Some of the facts have been stipulated. We incorporate the stipulation of facts, supplemental stipulation of facts, and stipulation of settled issues into our findings by this reference. Petitioner resided in California when his petition was filed.

Petitioner is a physician specializing in internal medicine, gerontology, and undersea and hyperbaric medicine. During 2000 and the relevant quarterly periods petitioner was the sole shareholder and an employee of Internist Medical Group (Internist).

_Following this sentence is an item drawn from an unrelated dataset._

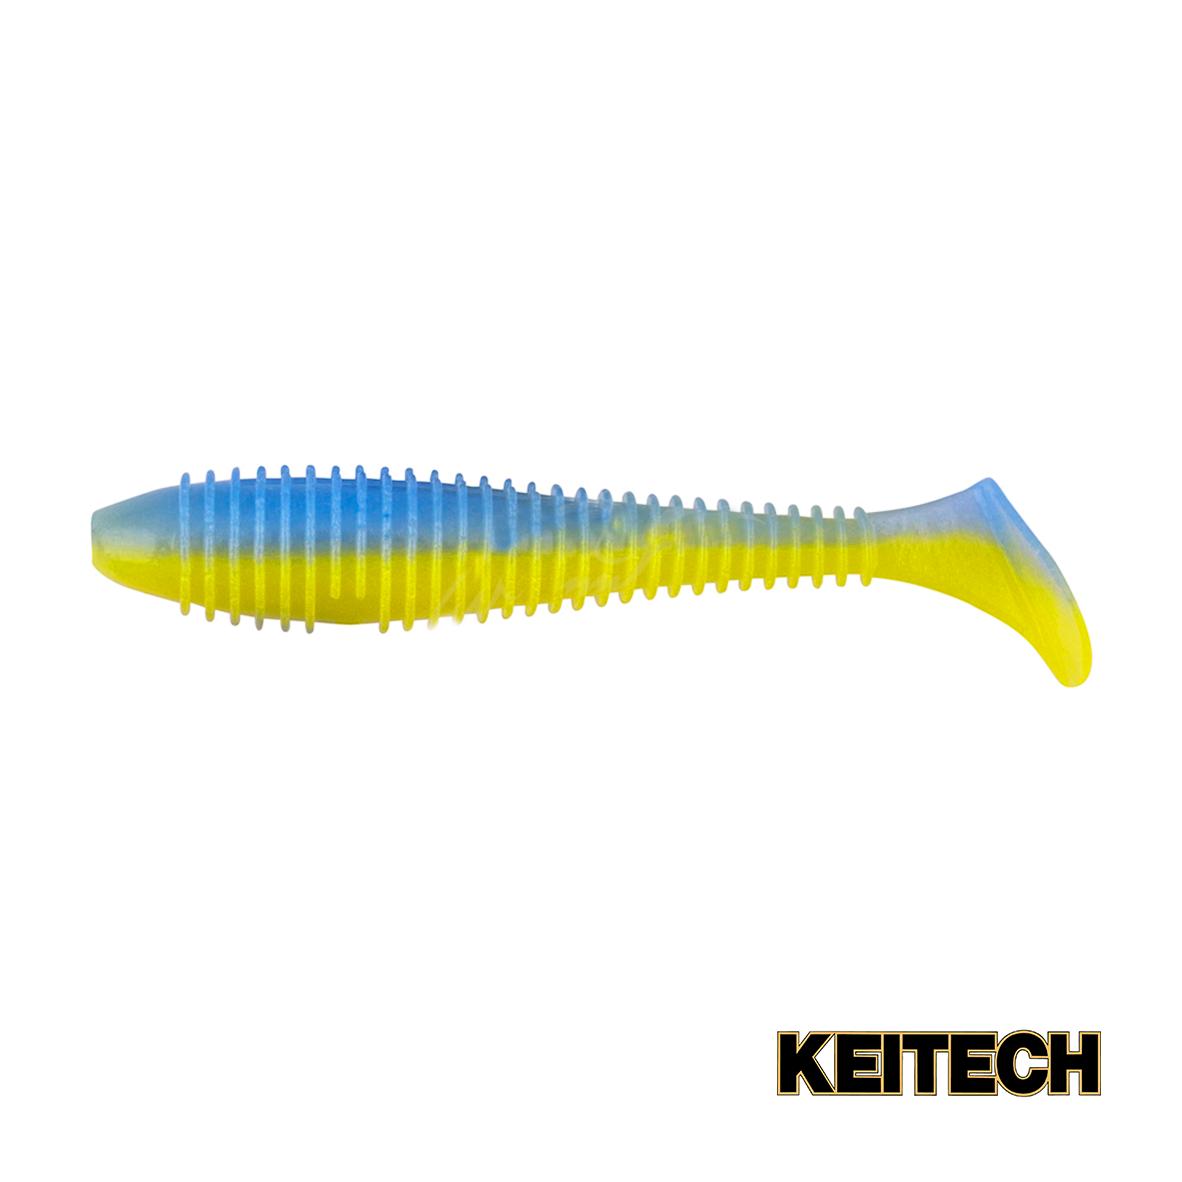 "Силикон Keitech Swing Impact FAT 3.8"" (6 шт/упак) ц:ea#12 ua limi"

I. Petitioner's Federal Income Tax Liability for 2000
Before April 15, 2001, petitioner consulted Mary Miller (Ms. Miller), a certified public accountant, regarding preparation of his Form 1040, U.S. Individual Income Tax Return, for 2000 (2000 return). On April 15, 2001, petitioner filed a request for an extension of time to file his 2000 return; he submitted a $3,000 payment with his extension request although Ms. Miller had advised him to submit a $2,000 payment. Petitioner knew that he had some Federal income tax liability for 2000 mostly because of his unusually large capital gain income from a sale of stock, but he believed that a capital loss carryover from a prior year would offset his capital gain. On October 17, 2001, petitioner paid $9,000 toward his 2000 Federal income tax liability.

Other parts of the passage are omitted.